» Given material:
◆ ◆ ◆ ◆ ◆
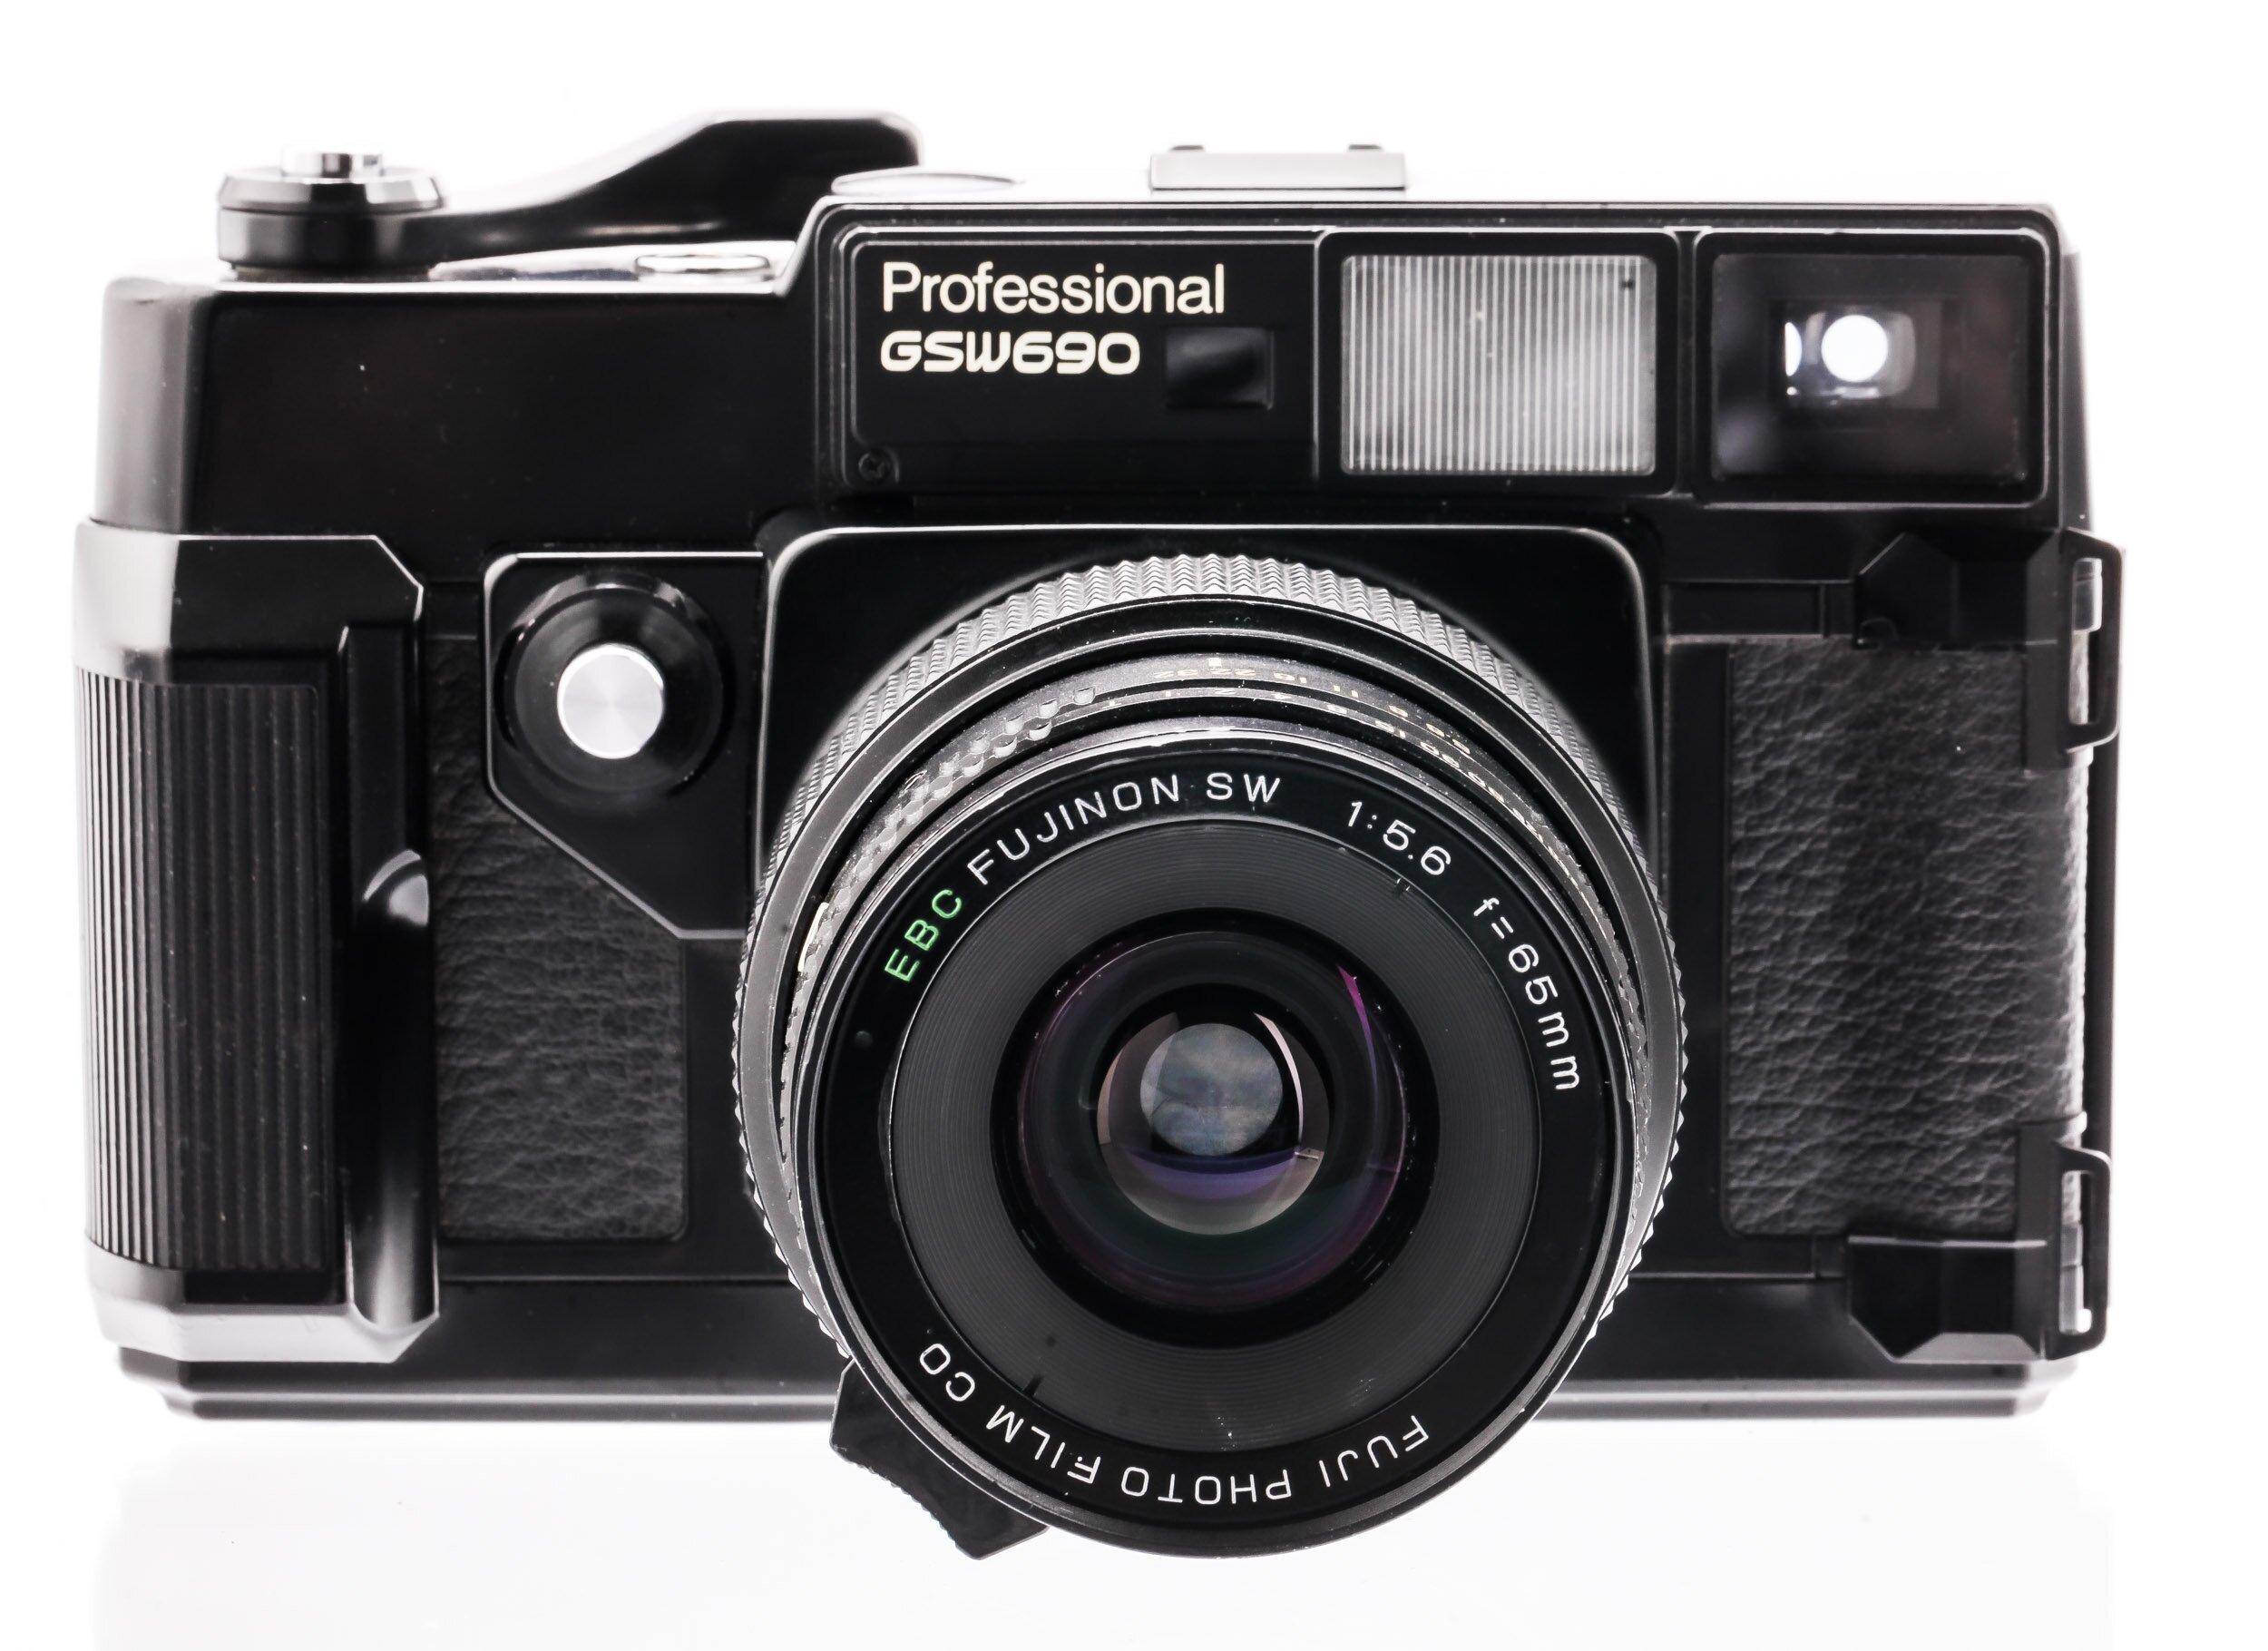 Fuji Professional GSW690
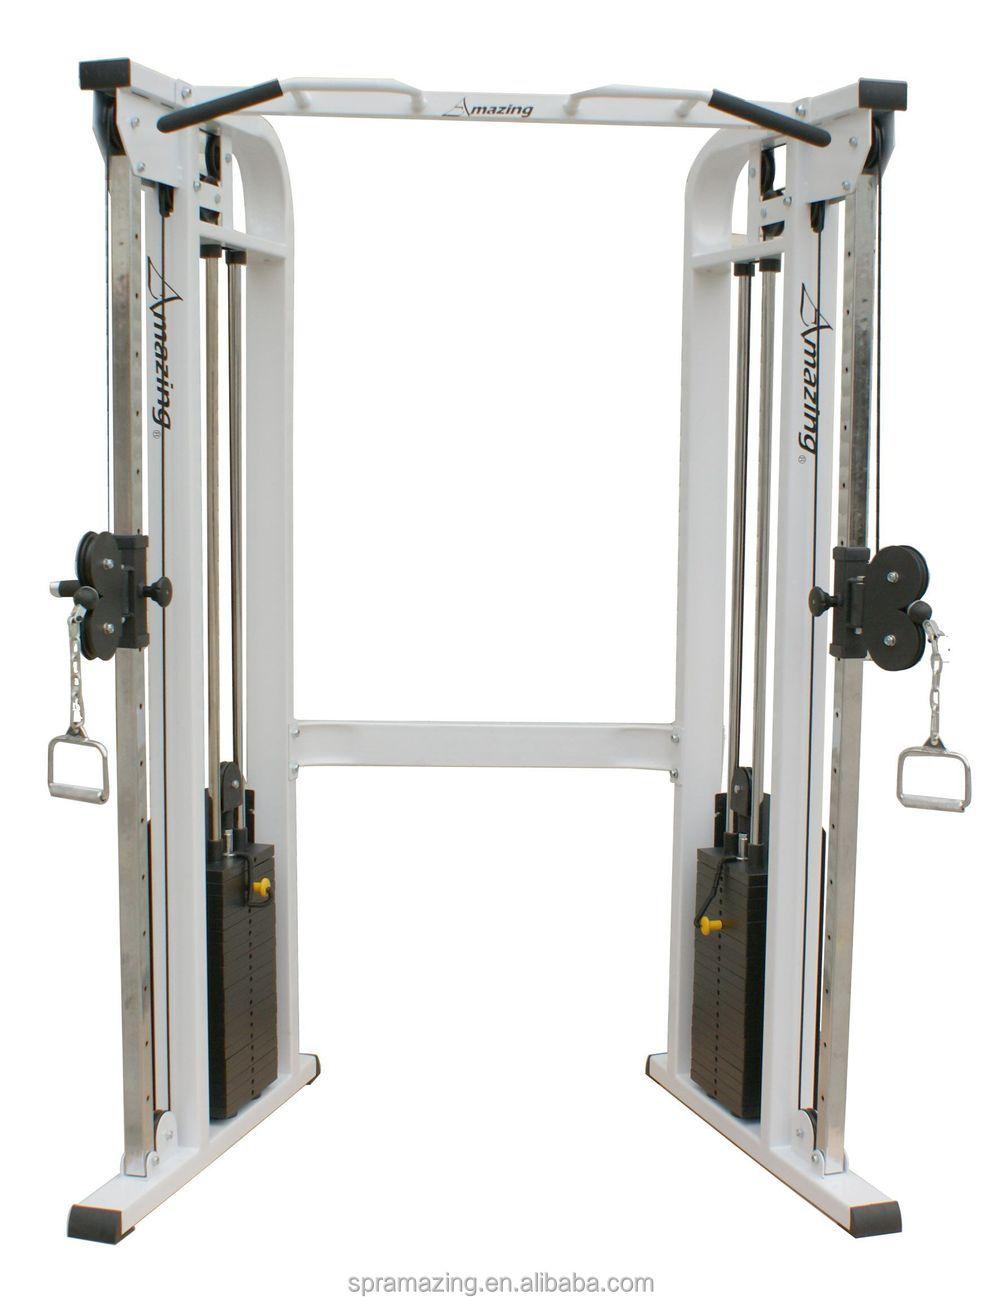 Yukon Cable Crossover Machine - amazon.com
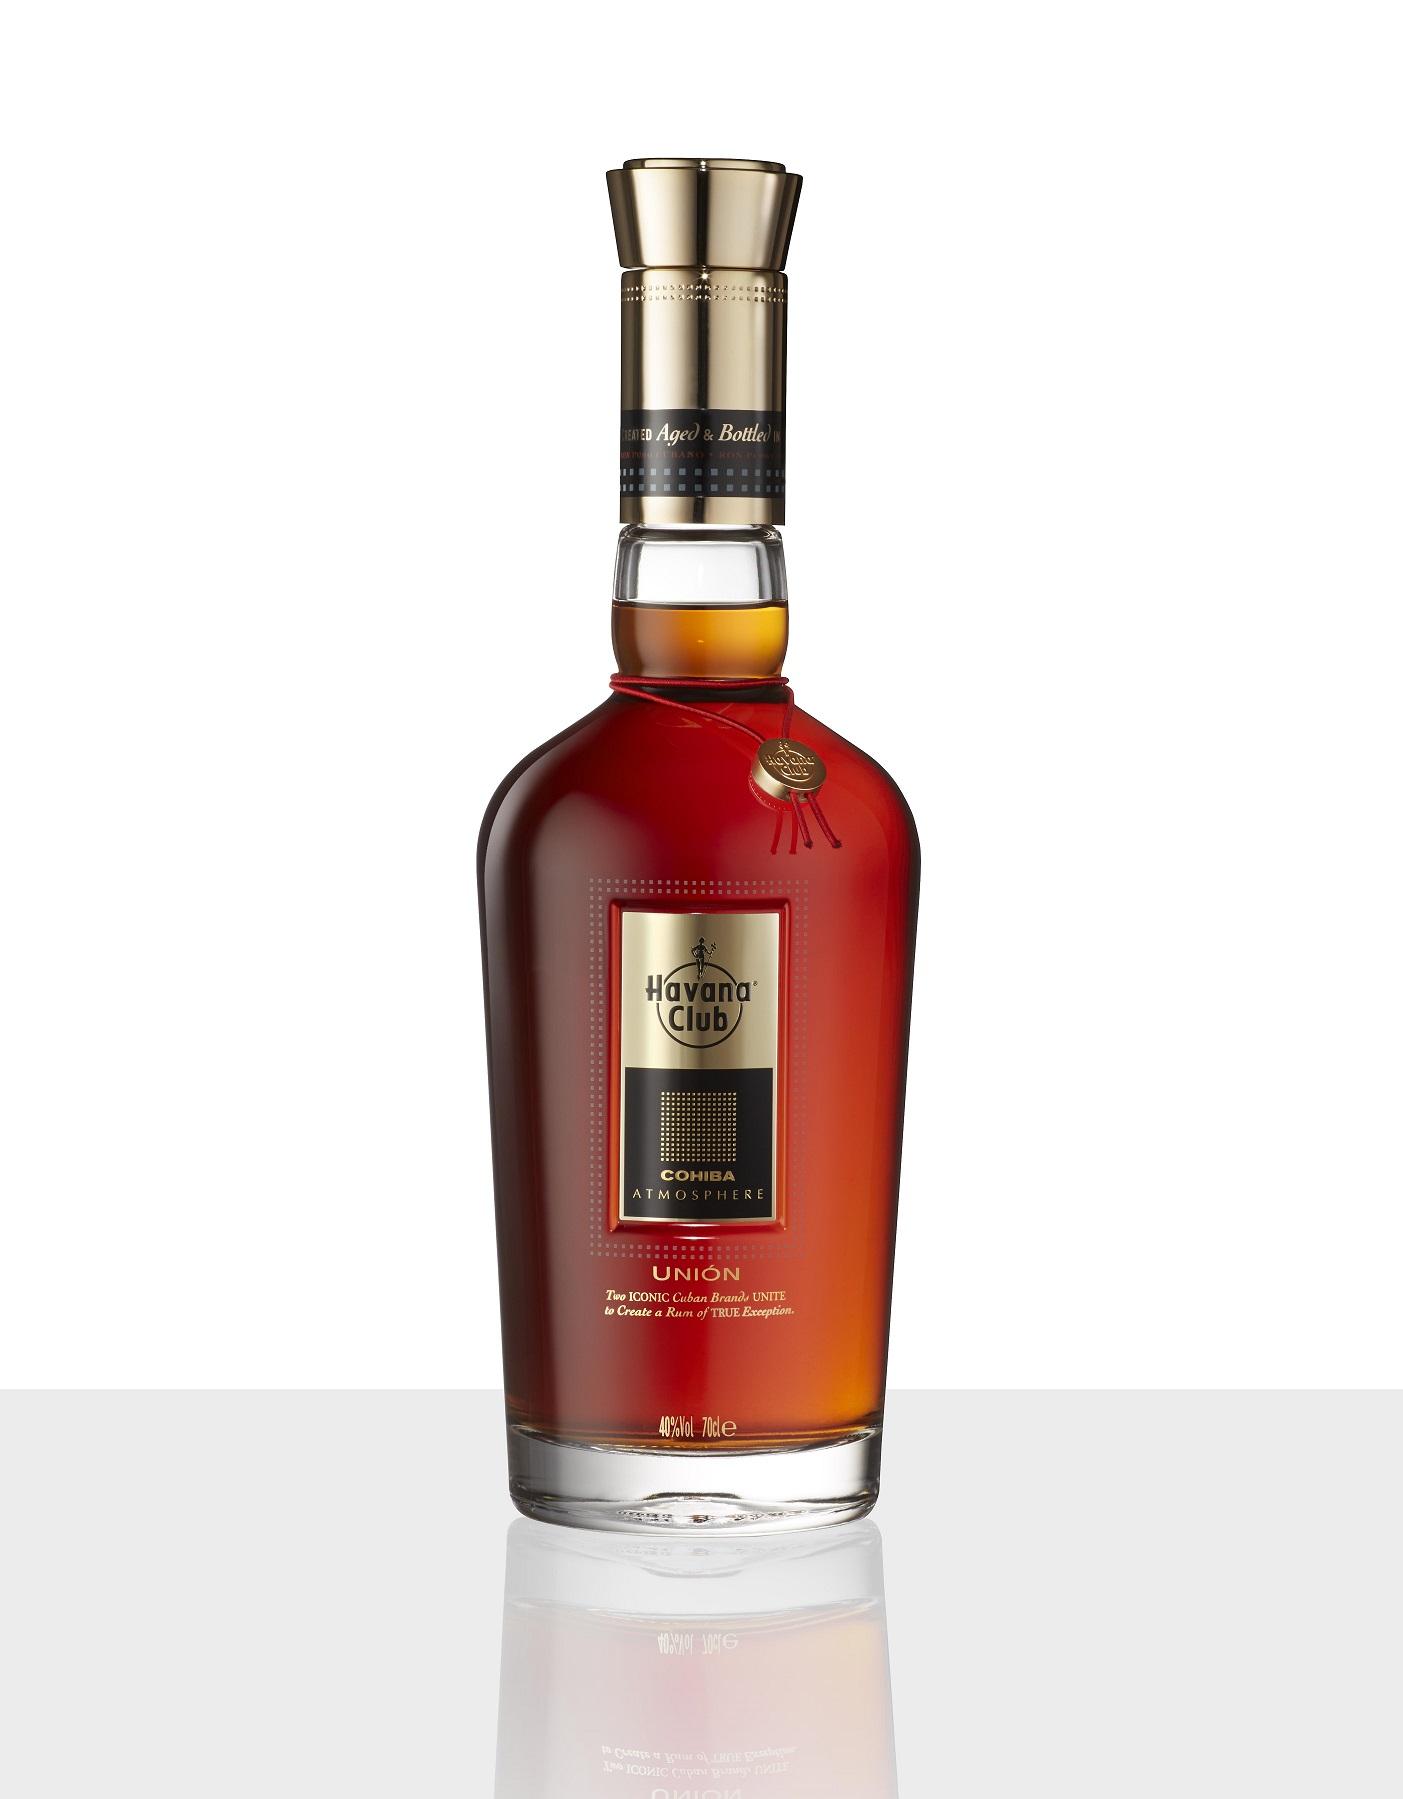 Havana Club Union Rum
◆ ◆ ◆ ◆ ◆
» To do:
Starting at the line with "Yukon Cable Crossover Machine - amazon.com" and stopping at the final line of the material, reproduce each line exactly, both ends included. Leave the pictures out.

» Your response:
 Yukon Cable Crossover Machine - amazon.com
 Havana Club Union Rum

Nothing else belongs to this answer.